Kibum bangkit, memantulkan bola basket ke papan di sekitar ring beberapa kali. “Jadi,” lanjutnya, “Kalau memang sudah tidak kuat, lebih baik menyerah sekarang daripada lebih menderita nantinya.”

“Aku tidak mau!! Aku tidak mau berakhir seperti ini! Aku.. aku masih sangat menyayangi Jong-In Oppa…..” ucap Hyerin setengah berteriak.

Kibum tersenyum. 
 “Kalau begitu, kau sudah tau apa yang harus kau lakukan sekarang kan?”


***
“Aku pulang,”

Jong-In melepas sepatu kets converse-nya lalu melangkah dengan gontai ke dalam rumahnya. “Eomma, aku pulang.”

“Oh, kau sudah pulang, baguslah. Eomma hendak pergi sebentar dengan Appa-mu. Tolong jaga rumah ya, Jung San sedang lomba mewarnai di sekolahnya. Nanti biar kami saja yang menjemputnya,”

Jong-In hanya mengangguk.

“Kau sudah makan? Wajahmu pucat sekali, Jong-In-aa, jangan lupa makan ya sesibuk apapun pekerjaanmu.”

“Ya, eomma.” Jong-In menjawab singkat. “Sudah hampir pukul 12, lho.”

Eomma melihat ke arah jam dinding. “Ah, ya sudah, kalau begitu kami berangkat dulu, ya, annyeong.”

Annyeong, Eomma, Appa, hati-hati di jalan.”

Jong-In menutup pintu rumah dan baru saja hendak melangkah ke kamarnya, ketika pintu rumah kembali diketuk.

“Ada apa, Eomma?
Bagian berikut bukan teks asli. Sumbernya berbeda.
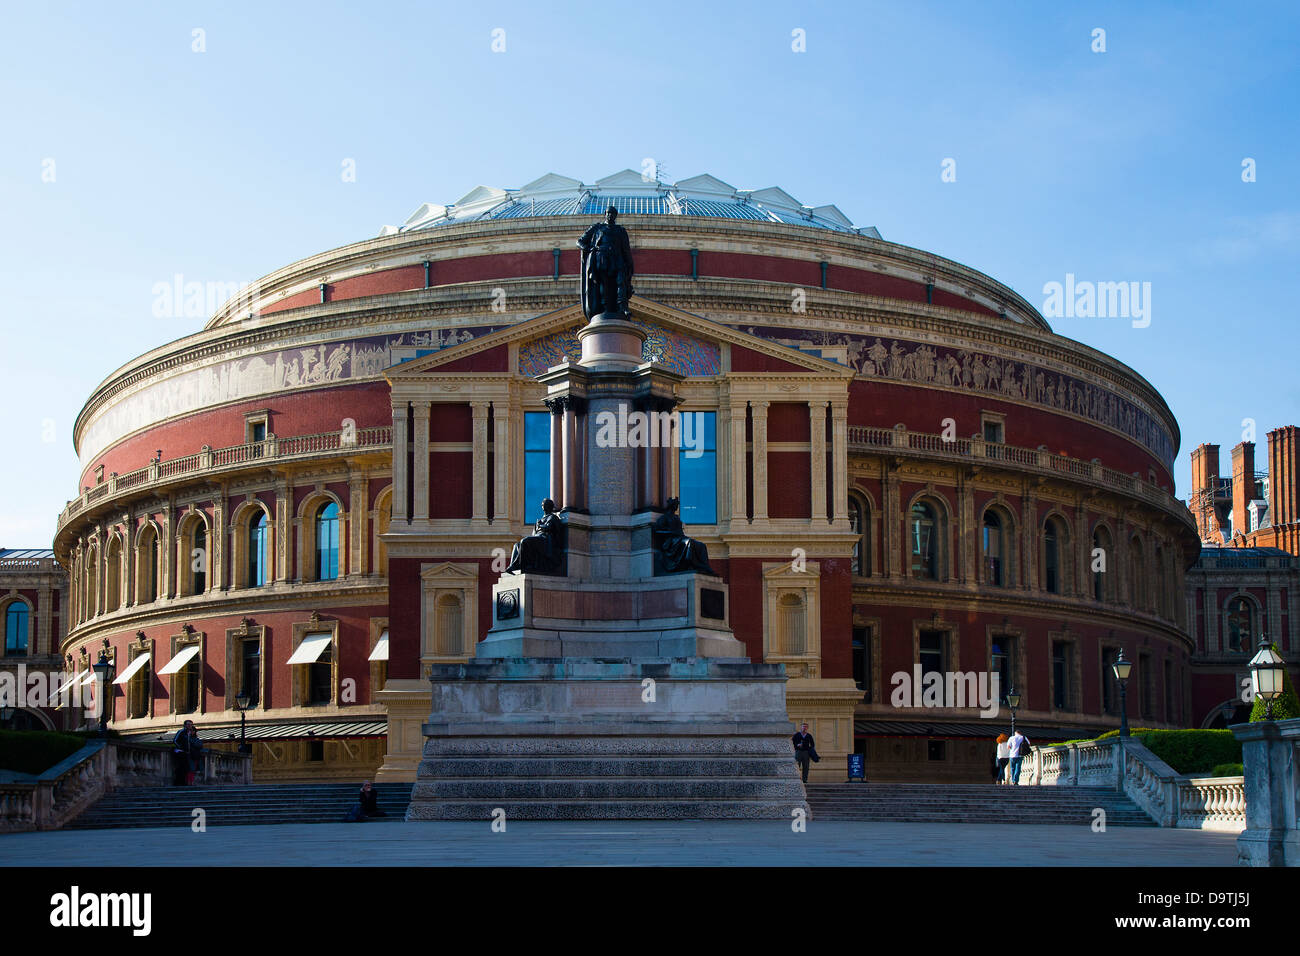 Al lado sur del Royal Albert Hall, el Concert Hall, Kensington, Londres, Reino Unido. Foto de stock
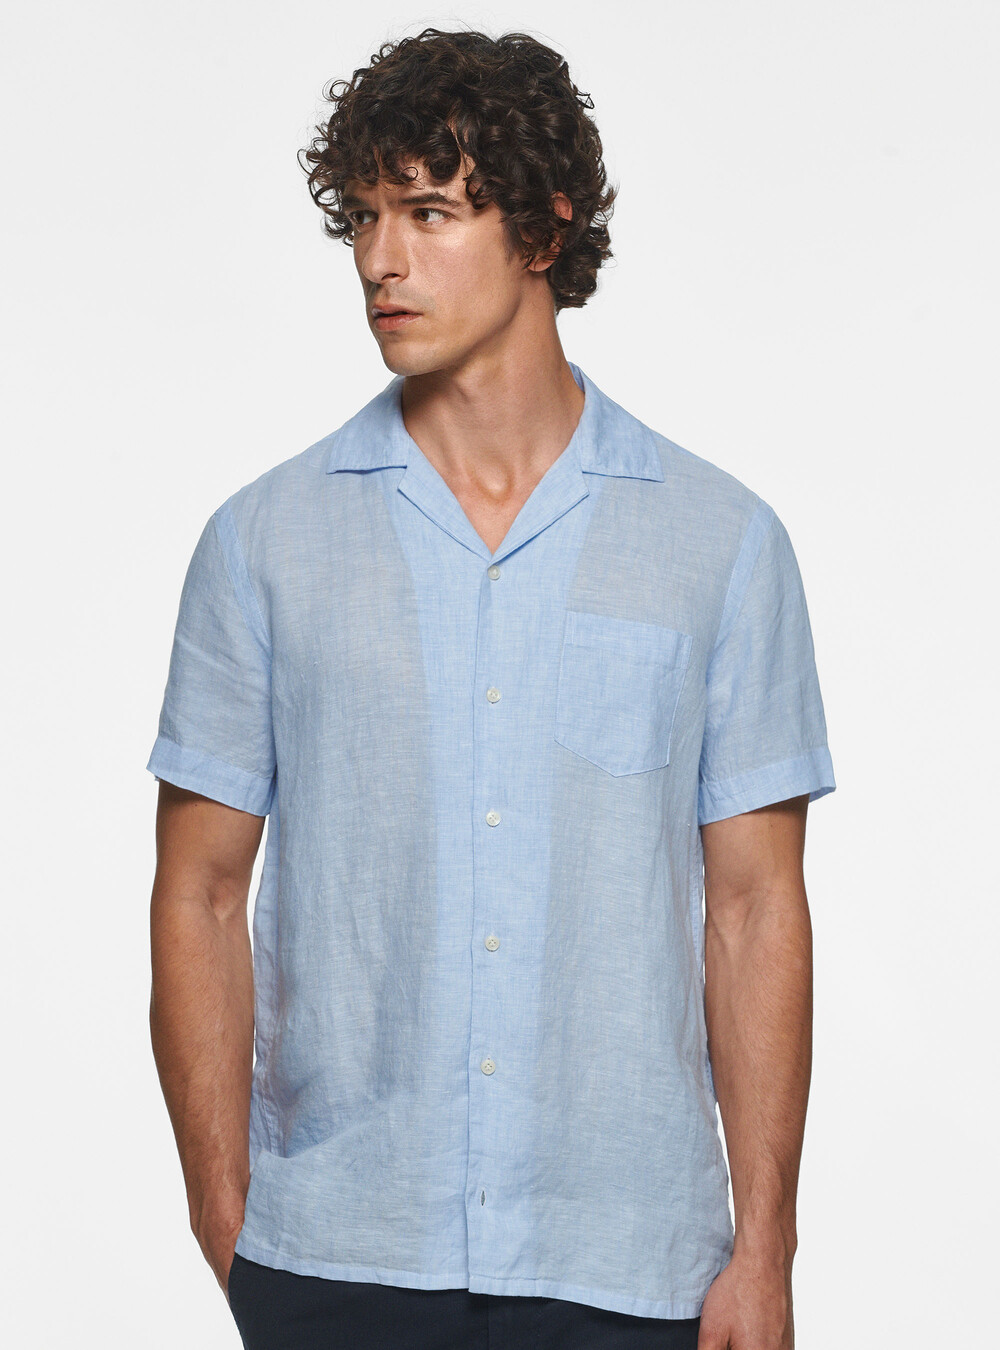 Pure linen comfort shirt | GutteridgeEU | catalog-gutteridge-storefront ...

Ada yang ketinggal— Oh, ternyata kau, Dongho-aa. Tumben kemari.”

Seorang anak laki-laki berdiri di depan pintu rumah Jong-In. Wajahnya nampak cemas. “Eun Mun-noona…”

Jantung Jong-In berdesir mendengar nama itu disebut. Raut wajahnya mulai menegang. “Kenapa dengannya?”

Eun Mun-noona….sudah kembali ke Daegu, hyung. Ia… sudah kembali dari Seoul.” ucap Dongho ragu-ragu.

Bagaikan disengat listrik ribuan volt, Jong-In langsung terdiam di tempat. Gadis itu….kembali?


***
“…”

Jong-In-aa!”

Jong-In menoleh dengan kaget.

“Dari tadi siang pasti kau belum makan. Meja makan rapi sekali, keadaaannya masih sama seperti waktu Eomma tinggal. Nah, makanlah dulu. Kan sudah Eomma katakan, jangan sampai kelupaan makan!” Eomma menyodorkan sepiring ddaeokboki ke arah Jong-In. Jong-In hanya menunjukkan cengiran khasnya seperti biasa. “Mianhae, Eomma. Tadi siang aku tidak lapar, tapi malam ini aku pasti makan. Gomawo, Eomma.”

“Ya sudah. Tapi jangan sampai kelupaan lagi ya, Eomma tidak ingin kau sakit.”
Jong-In mengangguk saja. Sambil mengunyah ddaeokbokki pemberian Eommanya, kata-kata Dongho terngiang lagi di kepalanya.

“Eun Mun-noona….sudah kembali ke Daegu, hyung. Ia sudah kembali dari Seoul.”

Jong-In terdiam. Song Eun Mun….. Gadis  itu adalah cinta monyetnya, cinta pertamanya. Gadis itu pernah menjadi bagian terpenting dalam kehidupannya. Namun, saat Jong-In yakin akan pilihannya untuk menyatakan cinta pada Eun Mun… gadis itu justru pergi jauh, tak terjangkau lagi, meninggalkannya.

Jong-In-aa, kita harus berjanji akan terus bersama, ya?”

Jong-In tersenyum sinis. Pada akhirnya, siapa yang ingkar janji, ha? Dasar pembohong!

Jong-In pun memutuskan untuk tidur saat itu juga. Ia tidak ingin memikirkan gadis itu lagi. Ia tidak mau  hidupnya dikacaukan lagi, oleh orang yang sama.


***


“YA! Kim Jong-In! Ada Eun Mun-aa di depan. Berilah salam padanya, dari kemarin ia terus mencarimu.”

Panggilan Eomma dari luar tidak dihiraukan oleh Jong-In. Lebih baik aku pura-pura tidur saja, daripada disuruh menemui perempuan itu, batin Jong-In. Jong-In memasang earphonenya dengan volume maksimal, ia sama sekali tidak berniat untuk keluar kamar selama gadis bernama Eun Mun itu masih berada di luar.

“Jong-In-yaaah~~ Apa kau tidak kasihan pada Eun Mun-aa?”

Kasihan? Untuk apa kasihan pada orang yang sama sekali melupakan kita?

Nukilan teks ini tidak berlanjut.